EmpiricalCalibration 3.1.2


  1. Allowing fitNull() to work with many estimates (n > 1000).

  2. Fixed edge case where fitMcmcNull() would get stuck in an infinite loop.

EmpiricalCalibration 3.1.1


  1. Making sure we pass R check even if suggested packages are unavailable, as required by CRAN.

EmpiricalCalibration 3.1.0


  1. Adding the compareEase() function to compare EASE of correlated sets of estimates.

  2. Adding the computeCvPoissonRegression() function to compute critical values for Poisson regressions.

  3. The plotCalibrationEffect() function warns if there are values outside the plot limits.

  4. Changing the MaxSPRT calibration vignette to use CV calibration instead of LLR calibration.


  1. Fixing computeTraditionalP() when using vectors as input.

  2. Fix error when no critical value meets requirements (throwing warning instead).

EmpiricalCalibration 3.0.0


  1. Adding option to make p-values one-sided.

  2. Adding empirical calibration of the log likelihood ratio.

  3. Adding functions for computing critical values for the log likelihood ratio when performing sequential testing (MaxSPRT).

  4. Adding ability to fit null distribution using non-normal approximations of the per-negative control likelihood functions.

  5. Faster null distribution fitting using MCMC. Increasing default MCMC iterations for greater stability.

  6. Using median instead of mean of posterior distributions when converting MCMC null to error model for greater consistency between calibrated CI and P.

EmpiricalCalibration 2.1.0


  1. Adding computation of expected absolute systematic error.
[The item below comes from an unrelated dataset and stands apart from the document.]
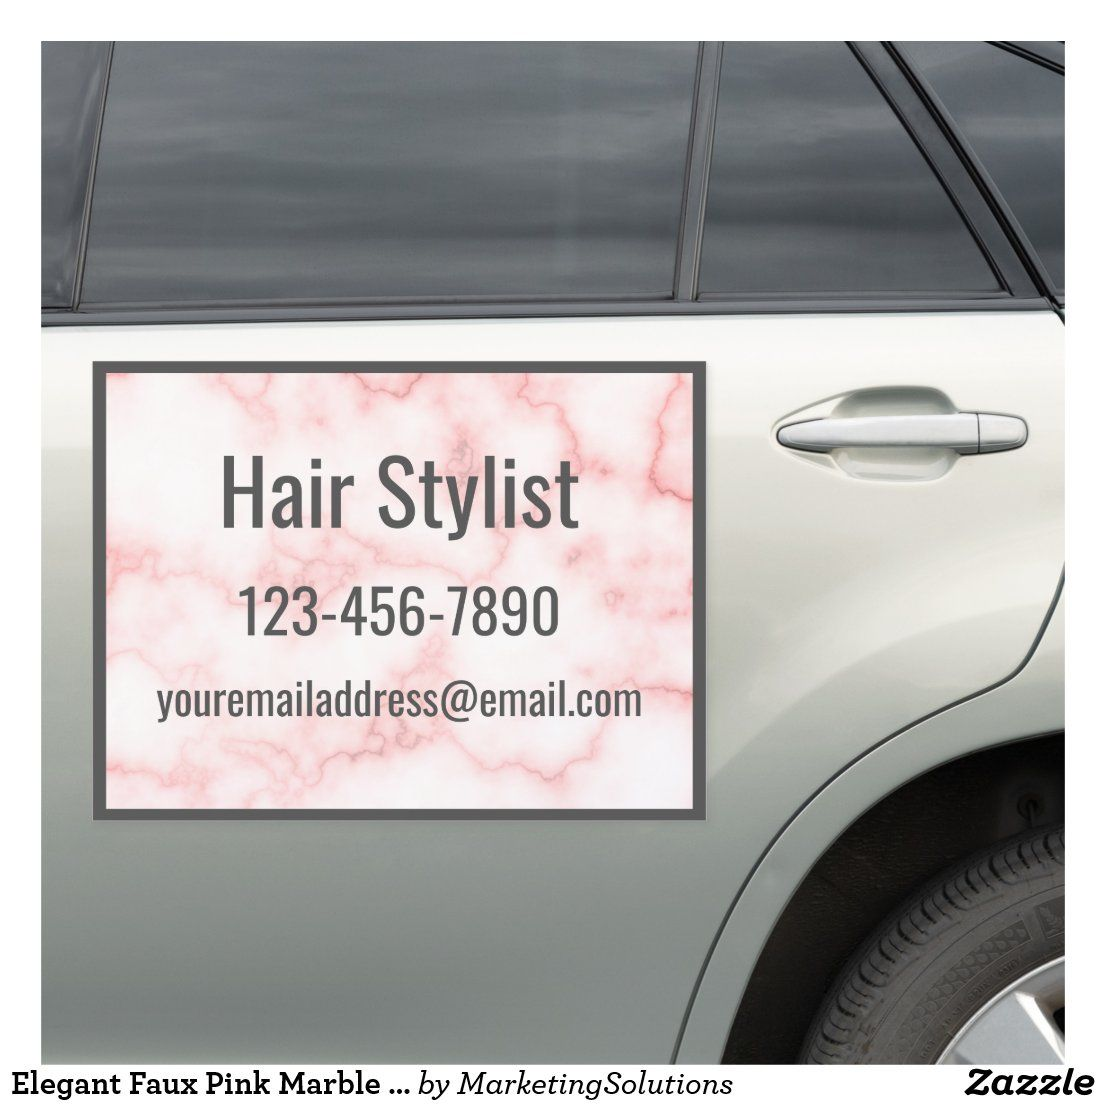 Elegant Faux Pink Marble Promotional Hair Stylist Car Magnet Zazzle Com Pink Marble Car Magnets Bumper Stickers [ 1106 x 1106 Pixel ]

Can be shown in plots.

EmpiricalCalibration 2.0.2


  1. Center title on all plots.


  1. Fix build fail in R 4.0.0.

EmpiricalCalibration 2.0.1


  1. computeTraditionalCi now outputs data frame instead of vector.


  1. convertNullToErrorModel function now adheres to new systematic error model (SD no longer on log scale).

EmpiricalCalibration 2.0.0


  1. Adding new method for fitting systematic error models that drops the assumption that SD is linear in the log scale, but rather just linear (in the logRr space). Setting that to default, but allowing users to use legacy model if they choose.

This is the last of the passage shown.